Clicking on both in turn we see the following. Screenshot of building a bundled source package in RStudio.

Screenshot of building a binary package in RStudio.

The bundled source package has been built as OneSampleMR_0.1.2.tar.gz and the binary package has been built as OneSampleMR_0.1.2_R_x86_64-pc-linux-gnu.tar.gz. Both files are in the directory above the project.

We can achieve the same output by making direct calls to R CMD build and R CMD install --build in a shell if preferred. We can test that these install as follows.

Screenshot of installing a bundled source package in RStudio.

Screenshot of installing a binary package in RStudio.

CRAN structure for bundled source package files

In two excellent blog posts Marks Sellors describes how to make a CRAN-like repository.2 There is also the miniCRAN package to help do this, but we don’t need to use this for the following explanation.

To host bundled source packages, such as our OneSampleMR_0.1.2.tar.gz file, we require the following directory structure (noting that the latest directory is optional, but allows us to add snapshot directories if we wanted to).

/mycran
└── latest
    └── src
        └── contrib
            └── 4.3.0
                └── Recommended

Specifically, we place the {package}_{version}.tar.gz files into the .../src/contrib directory. In that directory we then run

tools::write_PACKAGES(type = "source")

which generates 3 additional files (PACKAGES, PACKAGES.gz, and PACKAGES.rds) which R will use to query what packages are available in our repository when its served on the web.

Adding Windows and macOS binary R packages

We saw above how to build a binary Linux package. The same process, when repeated on Windows will generate a file called {package}_{version}.zip and {package}_{version}.tgz on macOS (on Macs with both Intel and Apple Silicon processors).

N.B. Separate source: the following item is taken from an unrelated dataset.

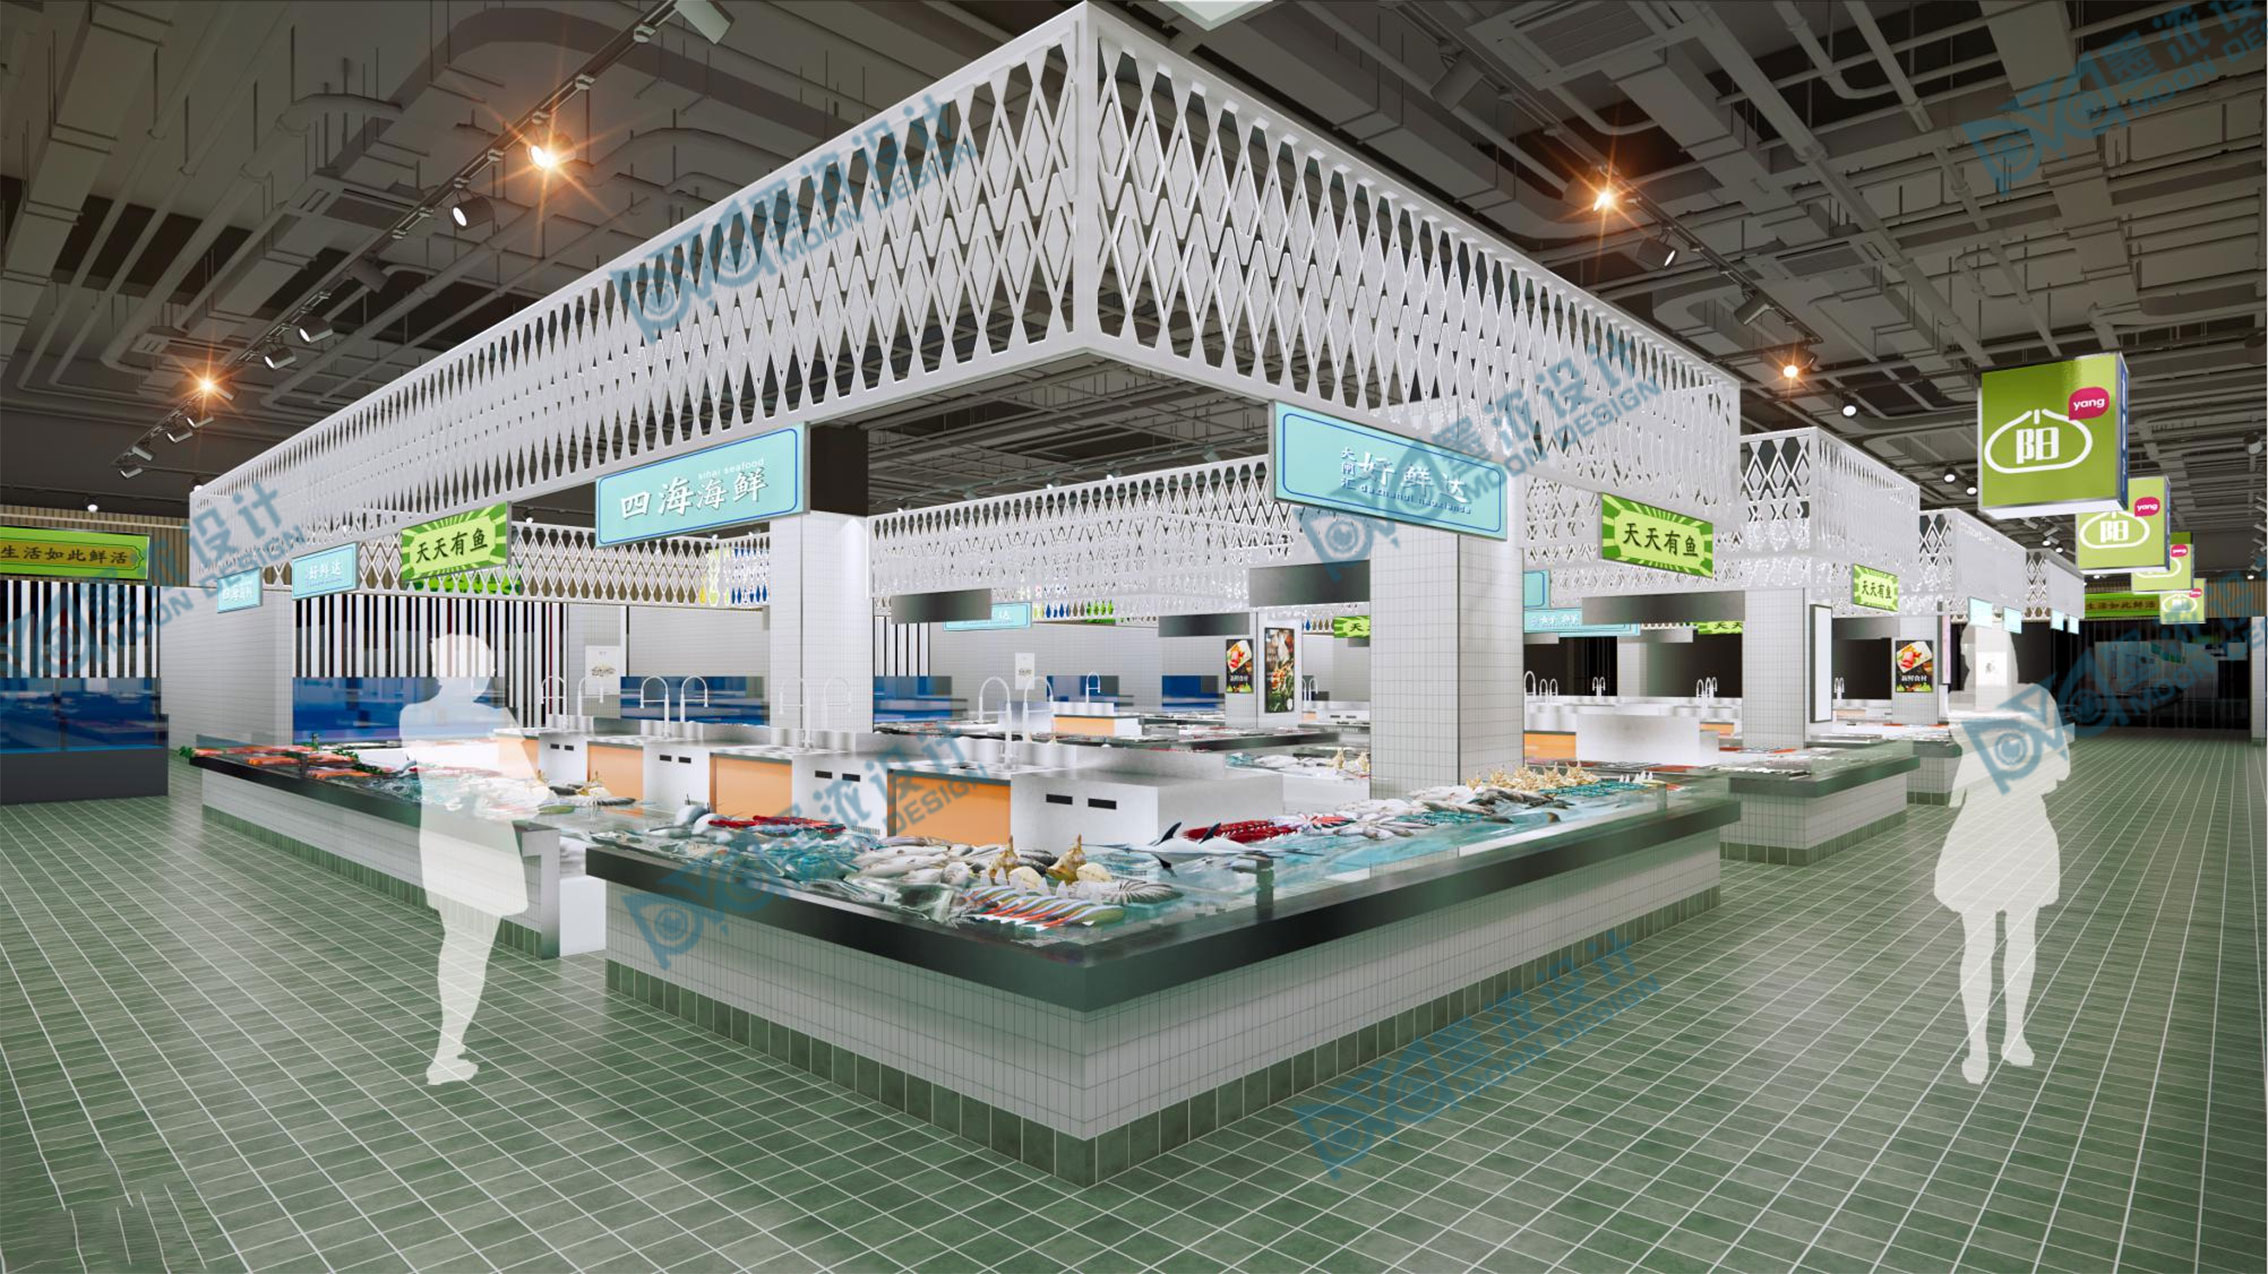 现代超市海鲜水产区3D模型下载【ID:1104020747】_知末3d模型网

Assuming that we have some of these files we need to know where to put them. Since CRAN distributes binary packages for Windows and macOS we follow their directory structure, which is as follows.

/mycran
└── latest
    ├── bin
    │   ├── macosx
    │   │   ├── big-sur-arm64
    │   │   │   └── contrib
    │   │   │       └── 4.2
    │   │   └── contrib
    │   │       └── 4.2
    │   └── windows
    │       └── contrib
    │           └── 4.2
    └── src
        └── contrib
            └── 4.3.0
                └── Recommended

Noting that the current version of R is 4.2.2 and that the relevant directory name with the minor version number changes when R’s current minor version number changes, we place

  • macOS arm64 binary packages (for Macs with Apple Silicon processors) into the .../bin/macosx/big-sur-arm64/contrib/4.2/ directory
  • macOS x86_64 binary packages (for Macs with Intel processors) into the .../bin/macosx/contrib/4.2/ directory, and
  • Windows binary packages into the .../bin/windows/contrib/4.2/ directory.

We then run tools::write_PACKAGES(type = "mac.binary") (changing to type = "win.binary" as required) in each of these directories to generate the 3 PACKAGES files.

We can confirm this directory structure using the contrib.url() function (the last command below was run on an Apple Silicon Mac).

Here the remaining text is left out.